I'm getting SO fed up of my parents atm. Well, my dad's ok on his own, but my mum is just getting ridiculous. She threatens to cut me off and disown me monthly (at least) and totally favours my sister in every respect, althought she'll never admit to it. I'm nearly 19 fgs and they ***** about me going out (refuse to take me anywhere but don't like me being alone in the dark, buses don't run and I can't walk THAT far), whereas they run around after my sister and her friends AND boyfriend all the time. It's just stupid, I want to knock some common sense into her head. She told me off yesterday for buying myself a bottle of Southern Comfort and a bottle of lemonade because I "shouldn't be drinking every night". I just got fed up of my wine I had, which I only have 1 or 2 glasses on friday, saturday and sunday, whereas she has a gin an tonic EVERY NIGHT. She's banned me from storing my rum in the alcohol cupboard too, she's told me to put it on the side with my wine/vodka where my nan'll see it and moan when she comes round.
Just to give you an example of how ridiculous it's getting, she's not talking to me at the moment (and told me not to look at her today) Basically because I'm wearing shorts and a short sleeved top.
Here's the conversation:
So yeah I'm fed up of her threats to cut me off, I wish I could just go out but I can't due to my recent operation, not allowed to wear shoes much atm, and it hurts. She knows that but keeps telling me I put it on and that I can walk everywhere (buses are expensive man), whereas my sister gets a life 5 minutes down the road as soon as she asks.

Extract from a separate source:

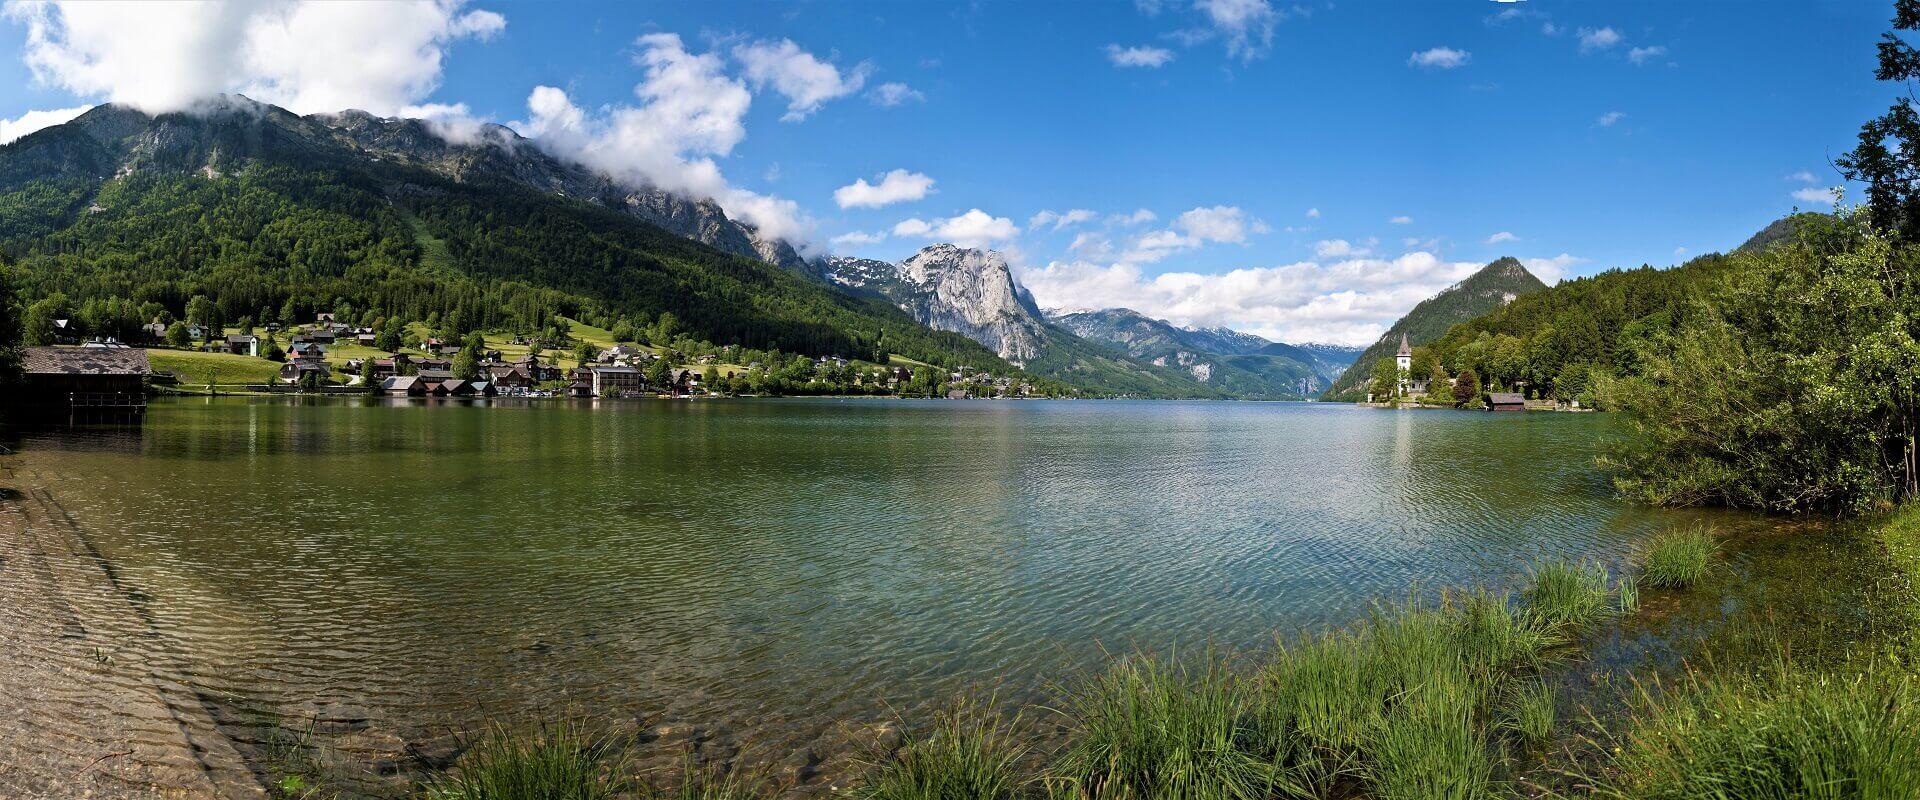 10 søer i Salzkammergut

I don't really know how I can cope with her for much longer, and I've got 3 months before I can go to uni, and a 3 week holiday where I CAN'T get away from them.
What can I do!? When I've talked to my parents in the past they say "act like an adult and we'll treat you like one" but they don't, they treat me like a 10 year old. I can cope while I'm 300 miles away from them but I just feel like I'm living in a prison.